The Zombie course does look awesome! 

This is the one I got invited to... totally different atmosphere. Should be some good scenery though. 

Bubble Run – Five Kilometers of Frothy Goodness


----------



## Pbartender

Just ran across this... Divorcing A Narcissist

A lot of it looks familiar.


Pb.


----------



## Pbartender

Oh, this...



> *Be willing to set firm boundaries.* The narcissist believes their needs are more important than yours, they believe they are more intelligent than you and find it unacceptable that anyone would disagree with them. For this reason they lack an understanding of boundaries and respecting the needs of others.
> 
> You can't teach or expect the narcissist to ever respect your boundaries. You can, however refuse to allow the narcissist to cross your boundaries and cause you undue stress during the divorce process.

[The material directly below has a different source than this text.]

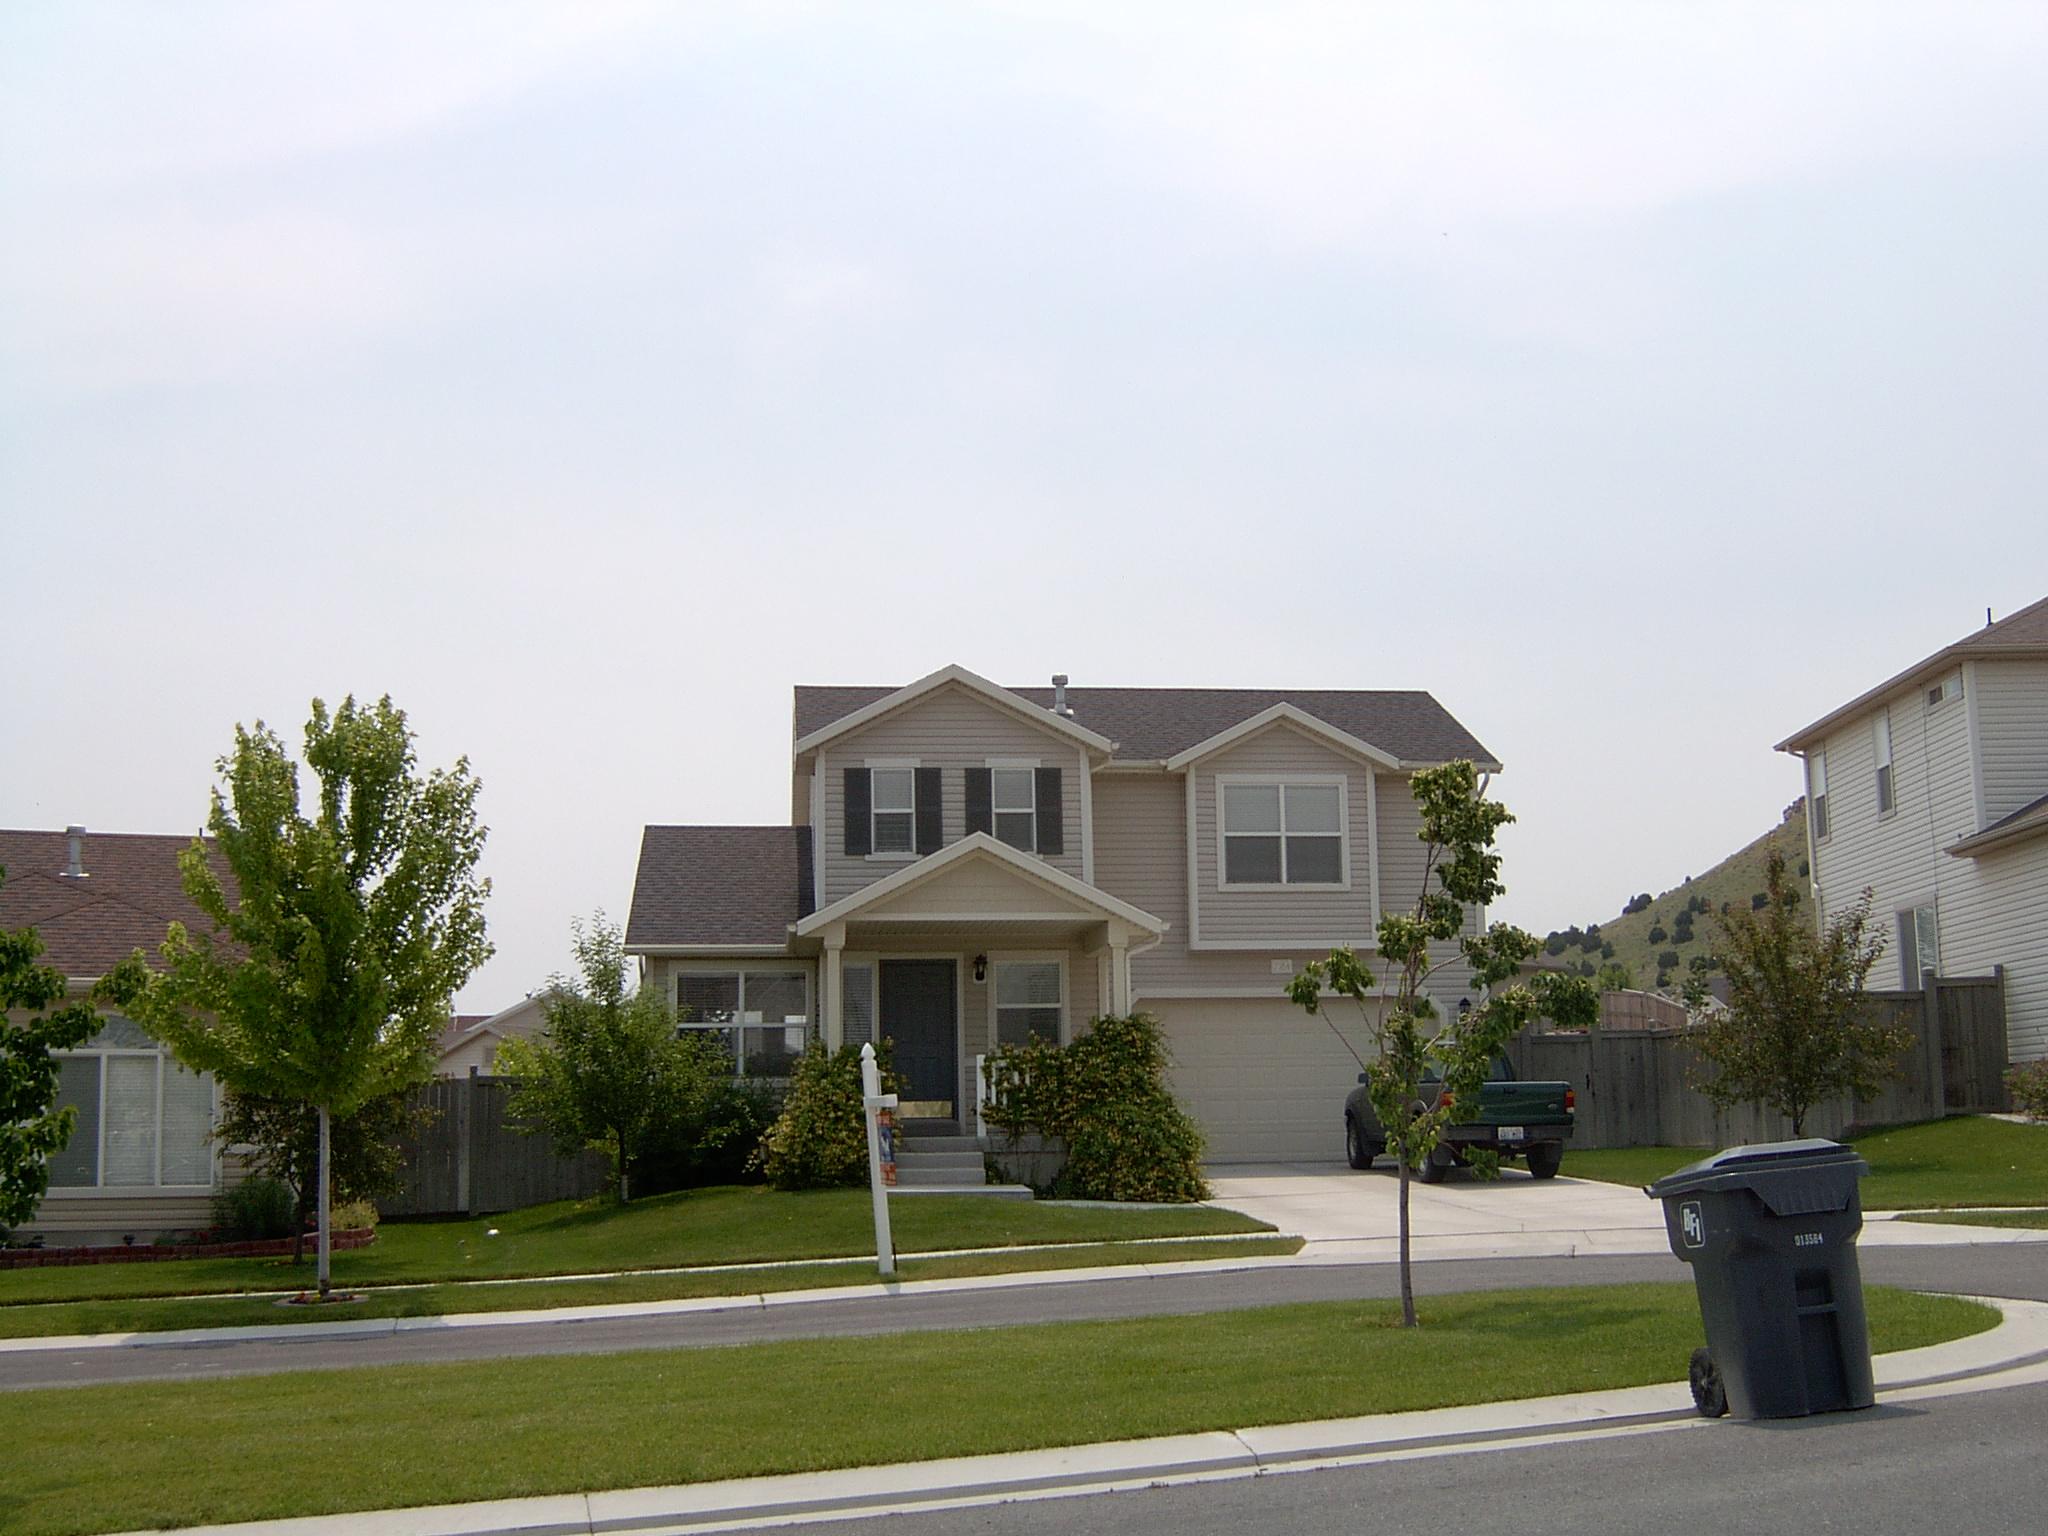 2005-1559P.JPG

This is done by you controlling what behaviors you will and will not allow.
> 
> Don't make the mistake of believing that trying to control the behaviors of the narcissist is the answer to setting boundaries with him/her. Most believe that protecting themselves and setting boundaries means confronting and being assertive. This does not work with the narcissist. The more you confront and assert your position the more you play into their game.
> 
> When setting boundaries with the narcissist you need to refuse to communicate unless it can be done in a manner free of conflict, manipulation and disrespect. You may need to insist that all communication is via email. You can let it be known that you will not respond to any communication that dismisses or belittles you and your needs.
> 
> You can expect the narcissist to push back against the boundaries you set. If you want to stop the cycle of abuse and disrespect you must be firm, stand your ground and refuse to allow him/her to push your buttons. Remember, you are trying to separate yourself from the narcissist. As I said, this is a threat to him/her so be on guard for efforts on their part to draw you back into the toxicity of the relationship.


...is especially relevant to my recent posts, and something I need to get better at with STBXW.


Pb.


----------



## zillard

Stay out of the drama triangle.
Validate but don't own their crap.
Don't engage unless necessary.


I understand. 
I'm sorry you feel that way.
I'm not ok with that.


----------



## BURNT KEP

Pbartender said:


> The triathlon I ran last year was a "sprint" distance triathlon... 750m (0.5 mi) swim, 20k (12 mi) bike, 5k (3 mi) run.
> 
> I've got a hankering to try one of these... 5K Obstacle Course Zombie Race - Run For Your Lives ...once the dust settle s on the divorce. Looks like fun.
> 
> 
> Pb.


Man that looks cool and its will be close in a couple of months. I think I will take my boys and go.
_Posted via Mobile Device_


----------



## Pbartender

I already posted this in another thread, but I need to remind myself, as well...



Pbartender said:


> Or, rather... It's a lesson I already knew, but was perfectly lost in the midst of my (codependent) anxiety about confronting her.
> 
> I don't have this sort of stage fright standing up to anyone else in the world. For that matter, I never used to be like this even with her, when we first started dating and got married...


_I must not fear.
Fear is the mind-killer.
Fear is the little-death that brings total obliteration.
I will face my fear.
I will permit it to pass over me and through me.
And when it has gone past I will turn the inner eye to see its path.
Where the fear has gone there will be nothing.
Only I will remain._


Pb.


----------



## Pbartender

BURNT KEP said:


> Man that looks cool and its will be close in a couple of months. I think I will take my boys and go.


Just be aware that they need to 14 or older to participate, and they're under 18, you'll need to sign a waiver for them.

I'm thinking about putting together a costume to run in... Either Ash from _Army of Darkness_, or a really good Ghostbuster uniform.

I haven't decided which, yet.


Pb.


----------



## Chopsy

hey PB, just read your thread. I think you're doing great but defo a tricky situation. Any reply to your email? She is toxic and you need to gt her out. Hope you can move forward with the divorce asap.My situation is different but I am learning a lot from this. Loved Conrad's version of the email, I'm a former cd (I say former but it's still a work in progress), so I know the tendency to write a book instead off short to the point note. Thankfully we have Conrad here to show us how it's done!


----------



## Pbartender

Chopsy said:


> hey PB, just read your thread. I think you're doing great but defo a tricky situation.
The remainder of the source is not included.